__TASK REQUIREMENTS__
What's needed is an exact copy of all the data below, without pictures.

__AVAILABLE DATA__
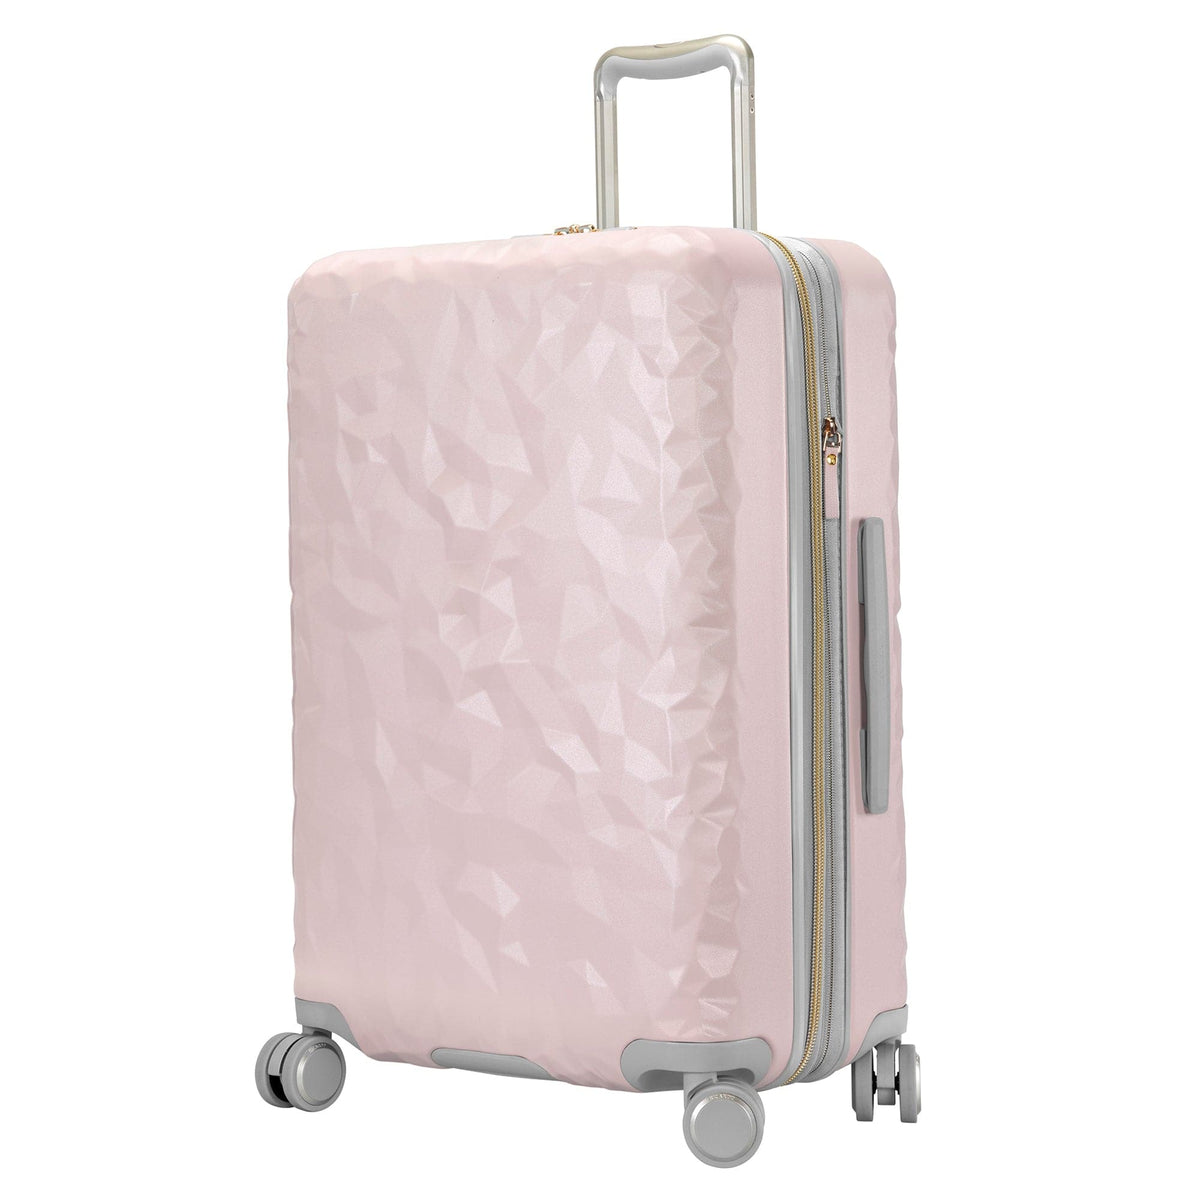 Ricardo Beverly Hills Indio Medium Check-In Suitcase Luggage
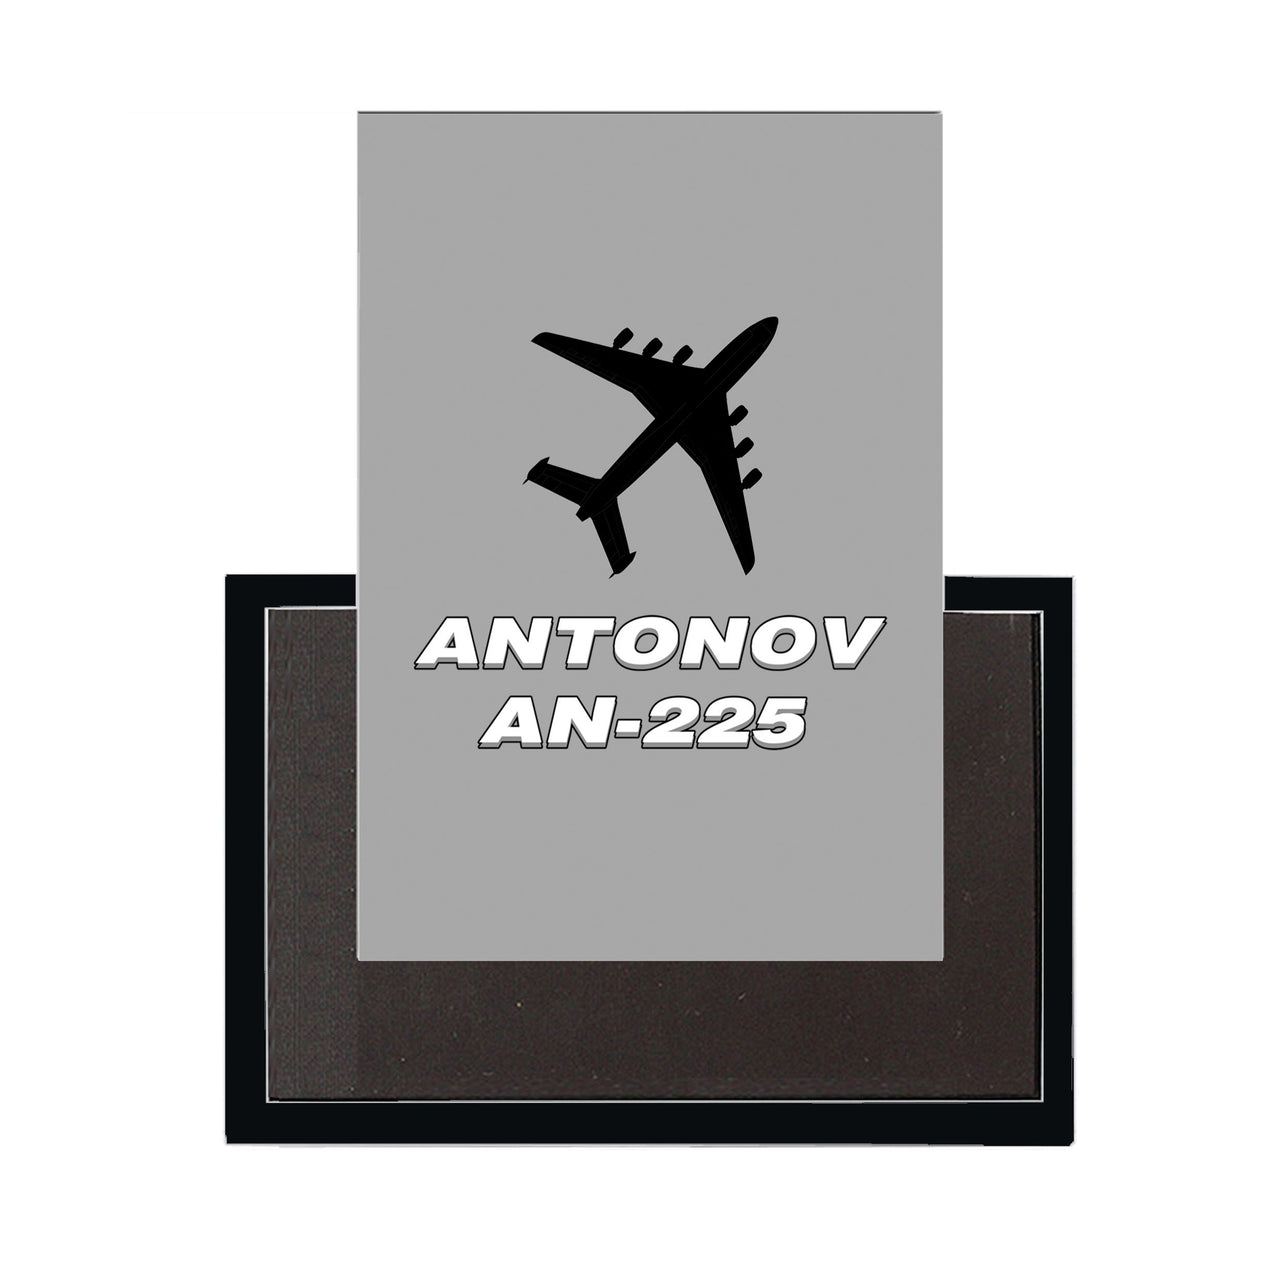 Antonov AN-225 (28) Designed Magnets
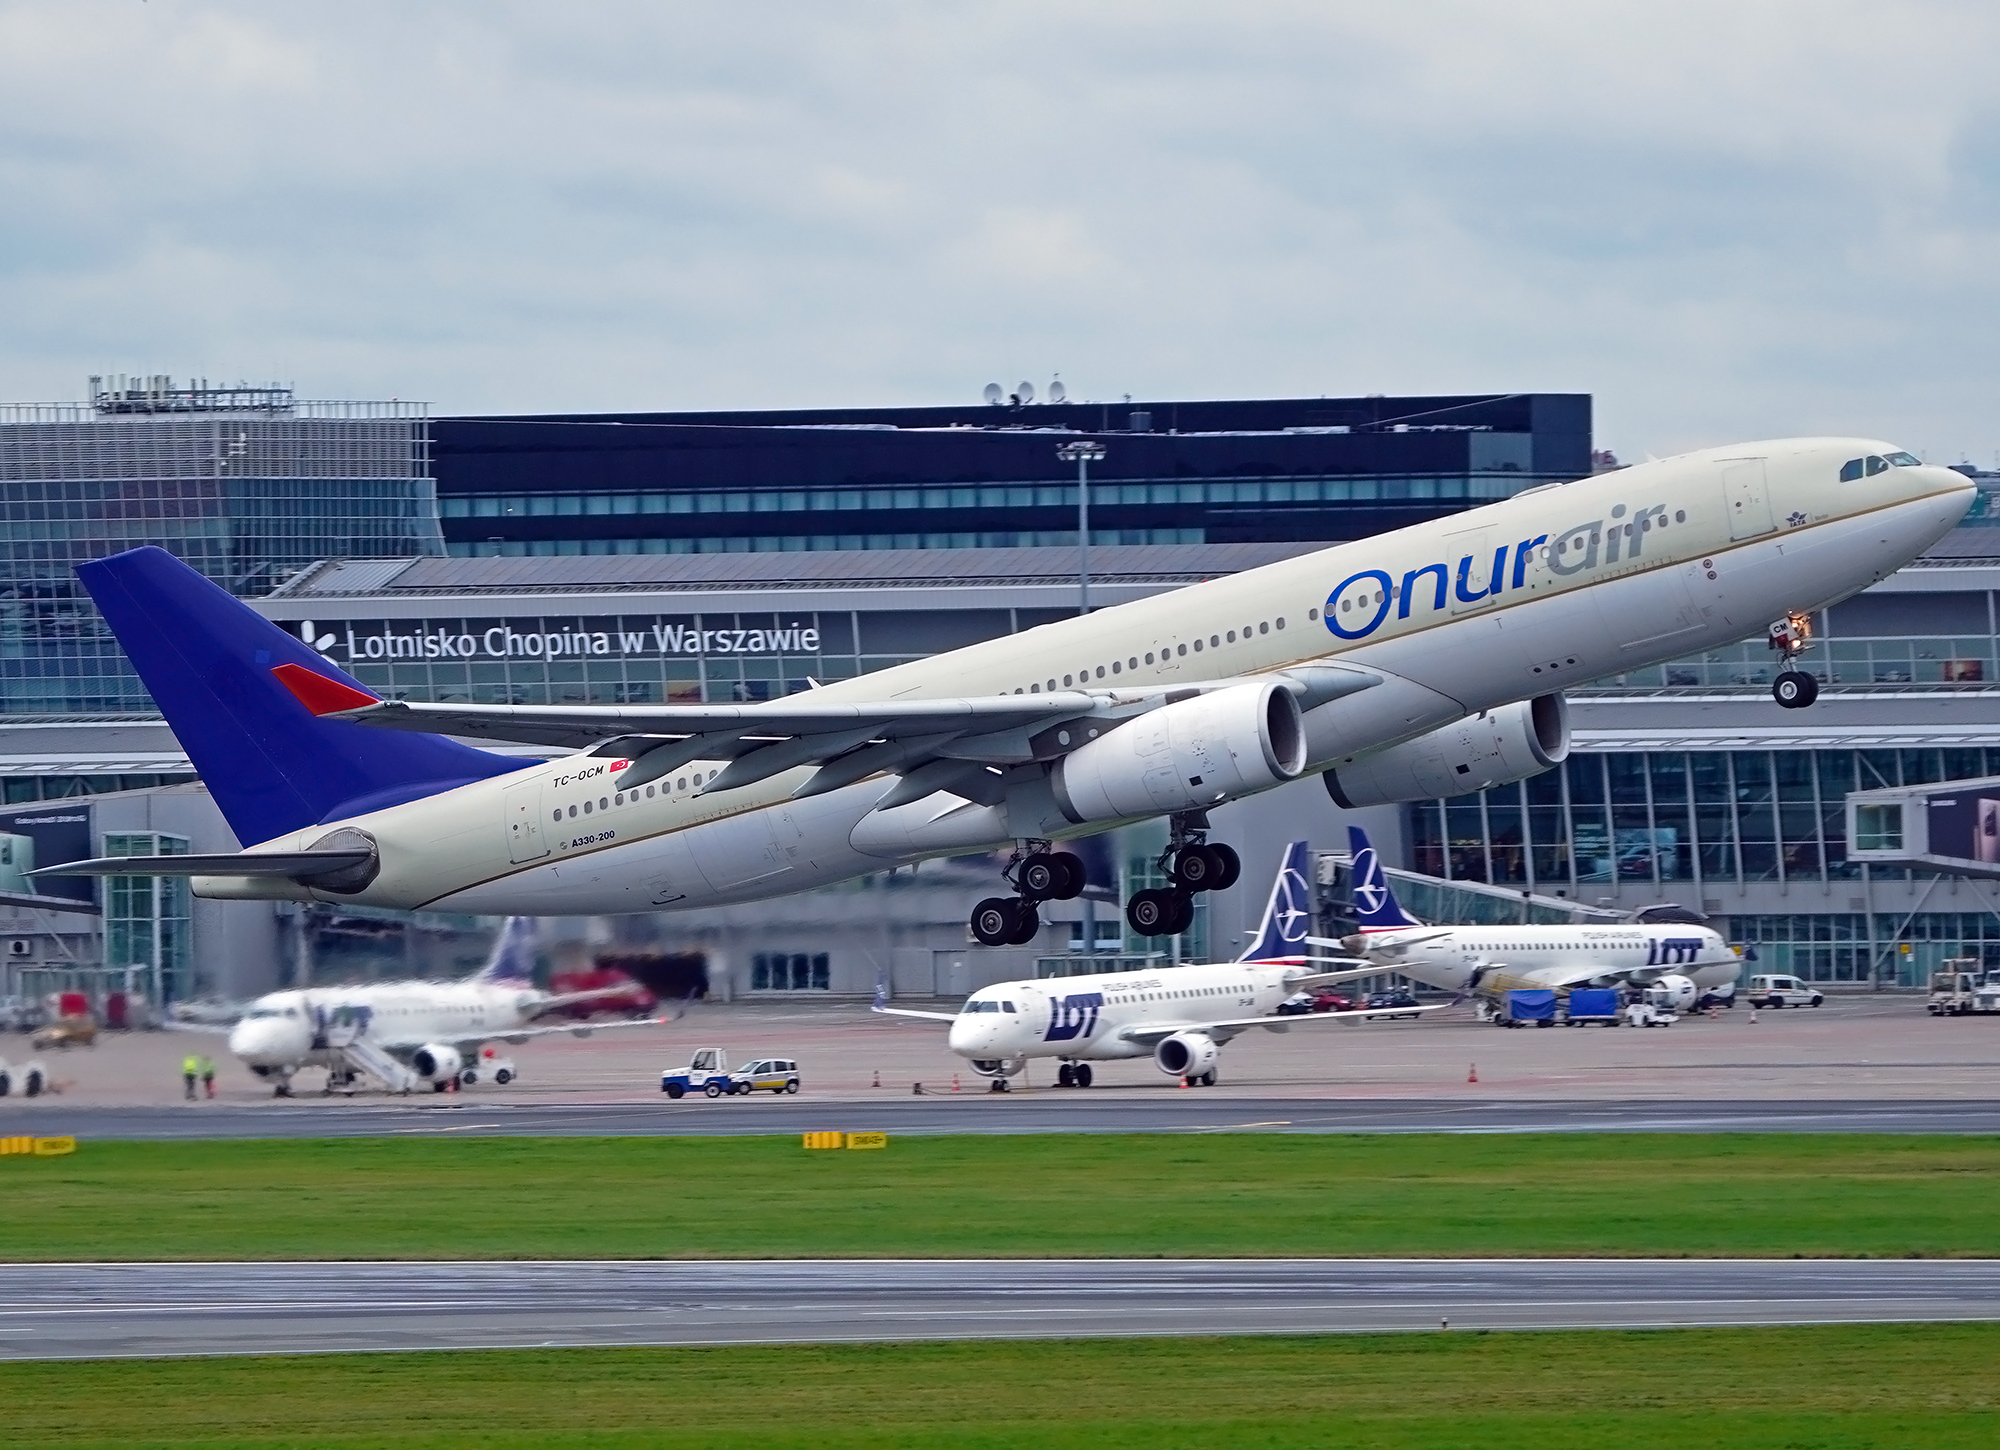 Samolot A330 linii Onur Air startujący z Lotniska Chopina Fot. Piotr Bożyk-PAŻP

__ANSWER__
 Ricardo Beverly Hills Indio Medium Check-In Suitcase Luggage
 Antonov AN-225 (28) Designed Magnets
 Samolot A330 linii Onur Air startujący z Lotniska Chopina Fot. Piotr Bożyk-PAŻP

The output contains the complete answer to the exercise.